Map of Gaul circa 58 B.C.E.

Roman Gaul consisted of an area of provincial rule in the Roman Empire, in modern day France, Belgium, Luxembourg, and western Germany. Roman control of the area lasted for 600 years. The Roman Empire began its takeover of what was Celtic Gaul in 121 B.C.E., when it conquered and annexed the southern reaches of the area. Julius Caesar completed the task by defeating the Celtic tribes in the Gallic Wars of 58-51 B.C.E… The Romans displaced populations in order to prevent local identities to become a threat to Roman control. The Romans divided Gaul into several provinces, and founded cities such as Lugdunum (Lyon) and Narbonensis (Narbonne). The Gauls eventually adopted Roman speech (Latin, from which the French language evolved) and Roman culture. The Roman administration finally collapsed as remaining troops were withdrawn southeast to protect Italy. Between 455 and 475, the Visigoths, the Burgundians, and the Franks assumed power in Gaul.

Clovis unites Franks

Clovis I (c. 466 - 511) succeeded his father Childeric I in 481 as King of the Salian Franks, who occupied the area west of the lower Rhine, with their centre around Tournai and Cambrai along the modern frontier between France and Belgium. In 486, Clovis I defeated Syagrius at Soissons and subsequently united most of northern and central Gaul under his rule. In 496, Clovis converted to Roman Catholicism, as opposed to the Arianism common among Germanic peoples, at the instigation of his wife, the Burgundian Clotilda, a Catholic. He was baptized in the Cathedral of Rheims. This act was of immense importance in the subsequent history of France and Western Europe in general, for Clovis expanded his dominion over almost all of the old Roman province of Gaul (roughly modern France). He is considered the founder both of France (which his state closely resembled geographically at his death) and the Merovingian dynasty which ruled the Franks from the mid-fifth to the mid-eighth century. Merovingian rule was ended by a palace coup in 751 when Pippin the Short formally deposed Childeric III, beginning the Carolingian monarchy.

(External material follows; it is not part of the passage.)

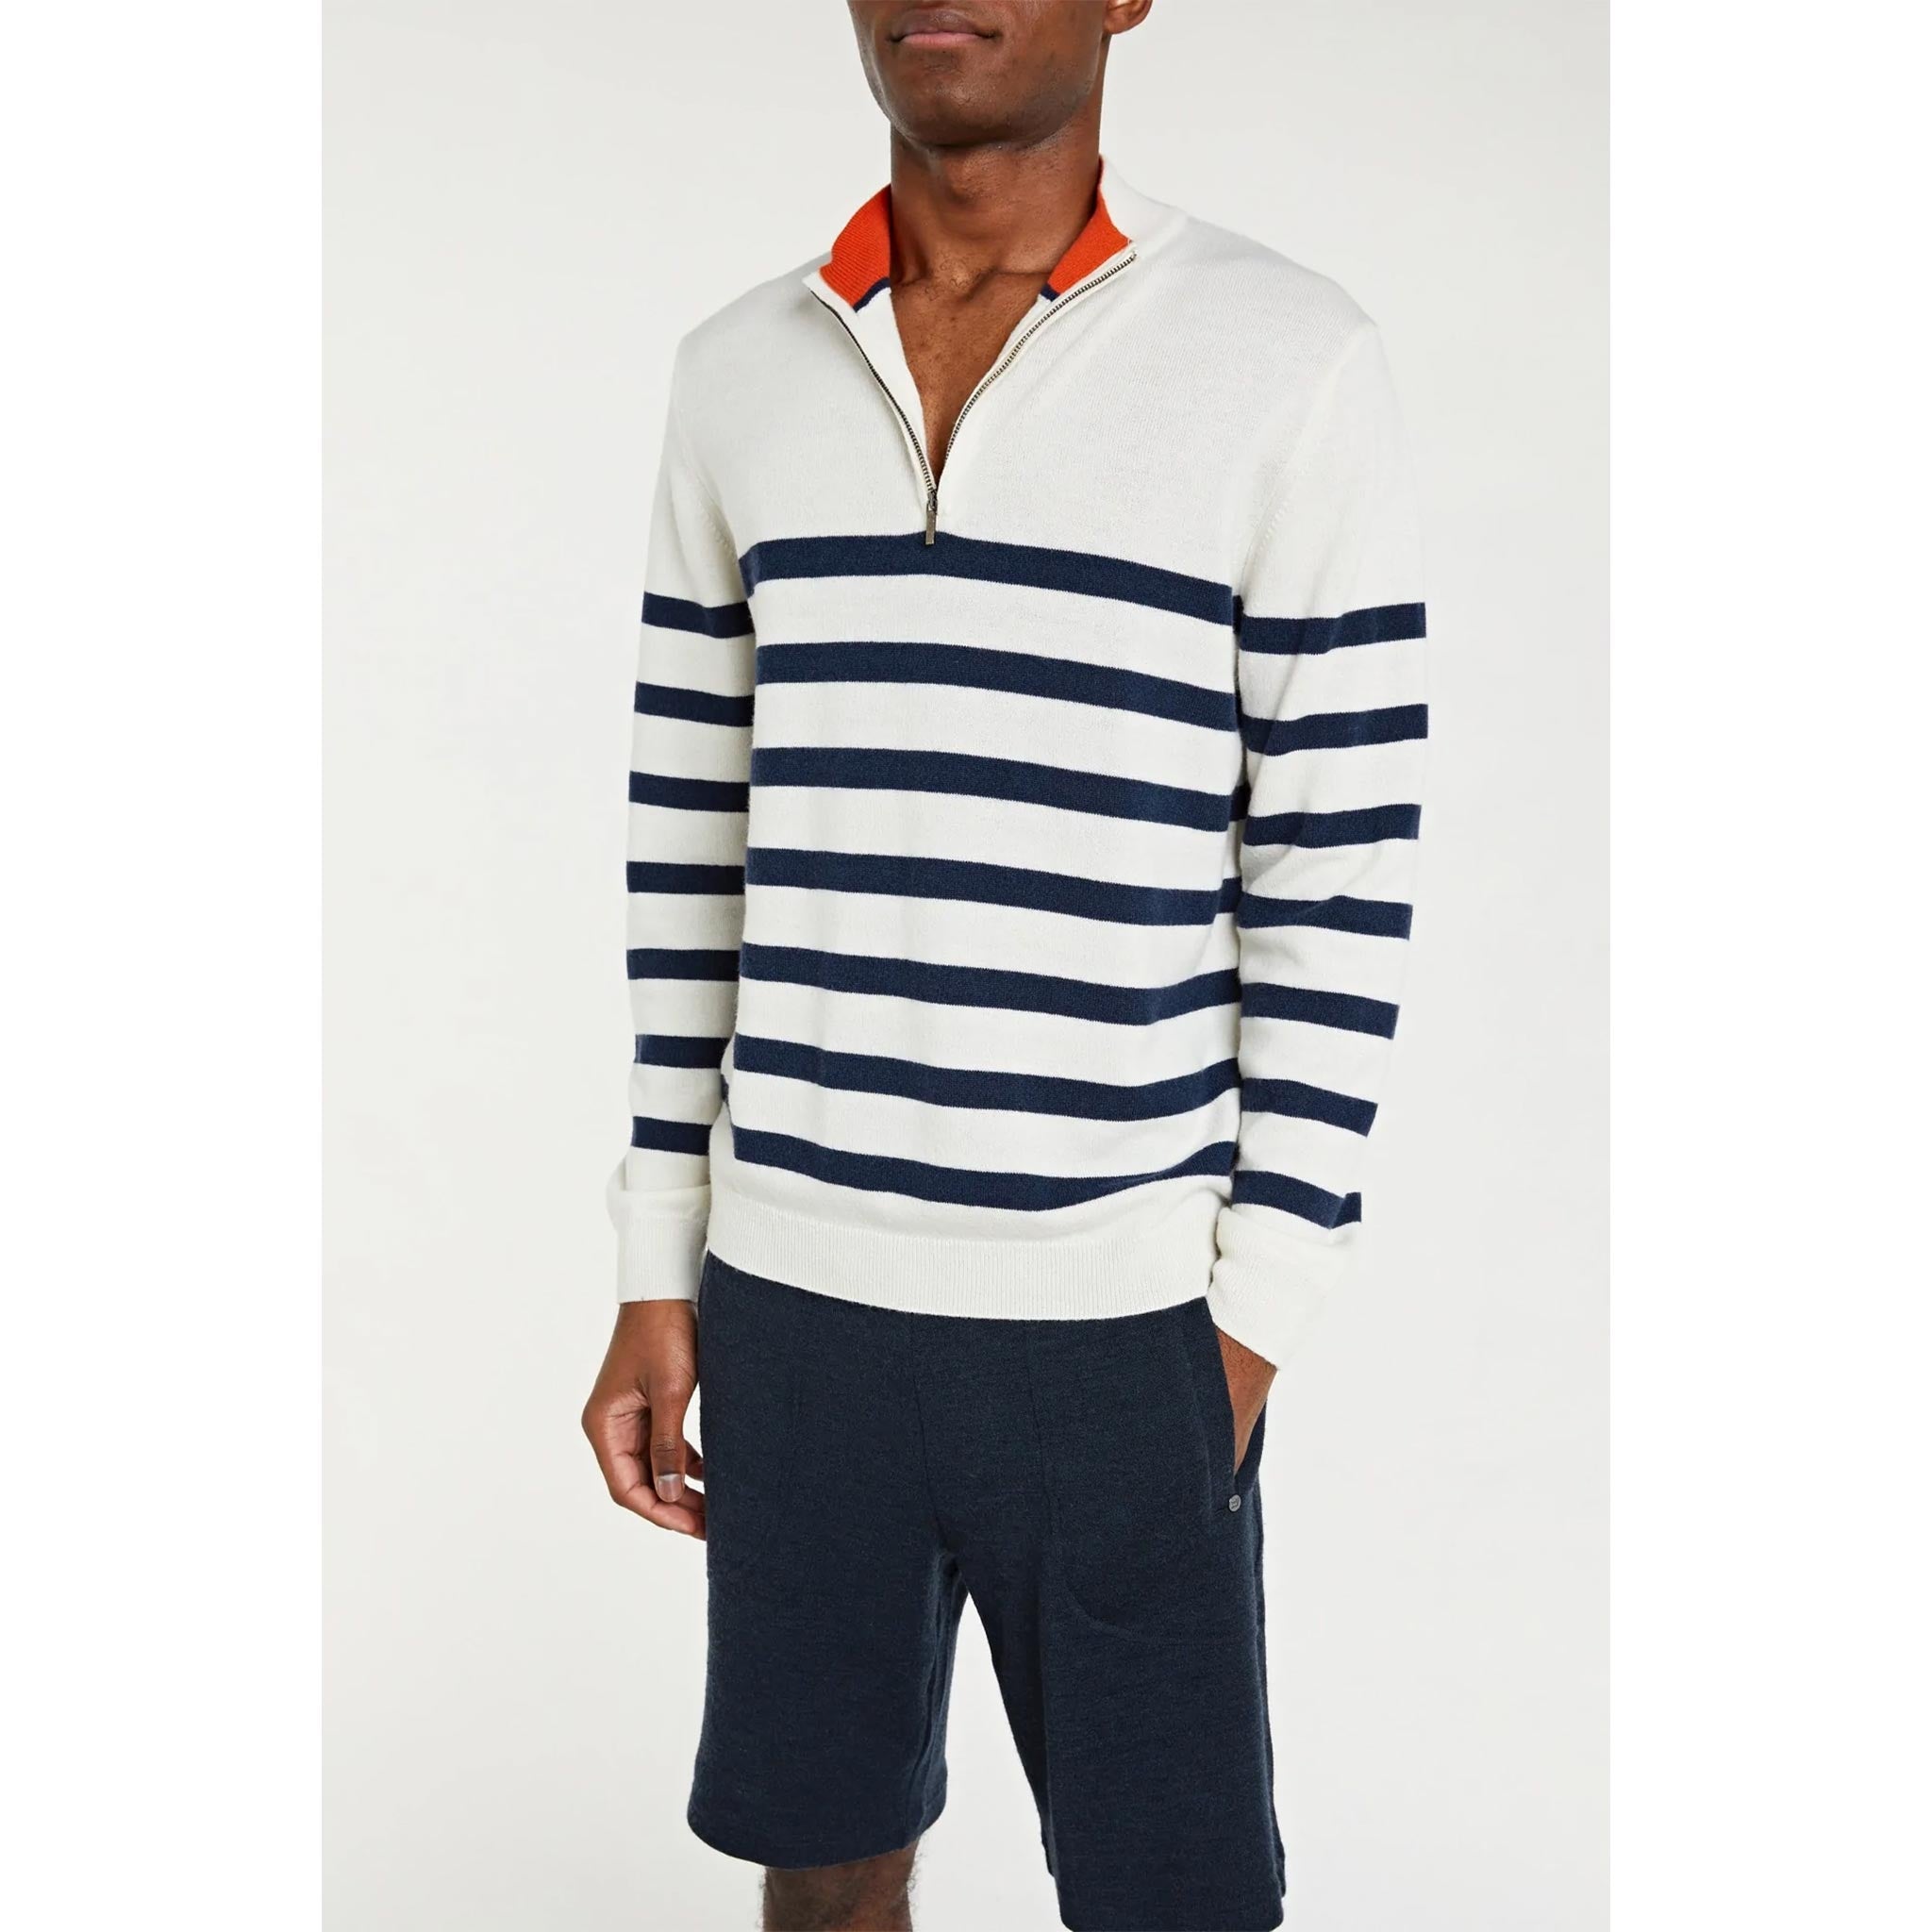 Gullholmen Zip-Up Sweater in White/Navy Stripes

Christianity took root in the second century and third century, and became so firmly established by the fourth and fifth centuries that Saint Jerome wrote that Gaul was the only region "free from heresy." France obtained the title "Eldest daughter of the Church" (La fille ainée de l'Église), and the French would adopt this as justification for calling themselves "the Most Christian Kingdom of France."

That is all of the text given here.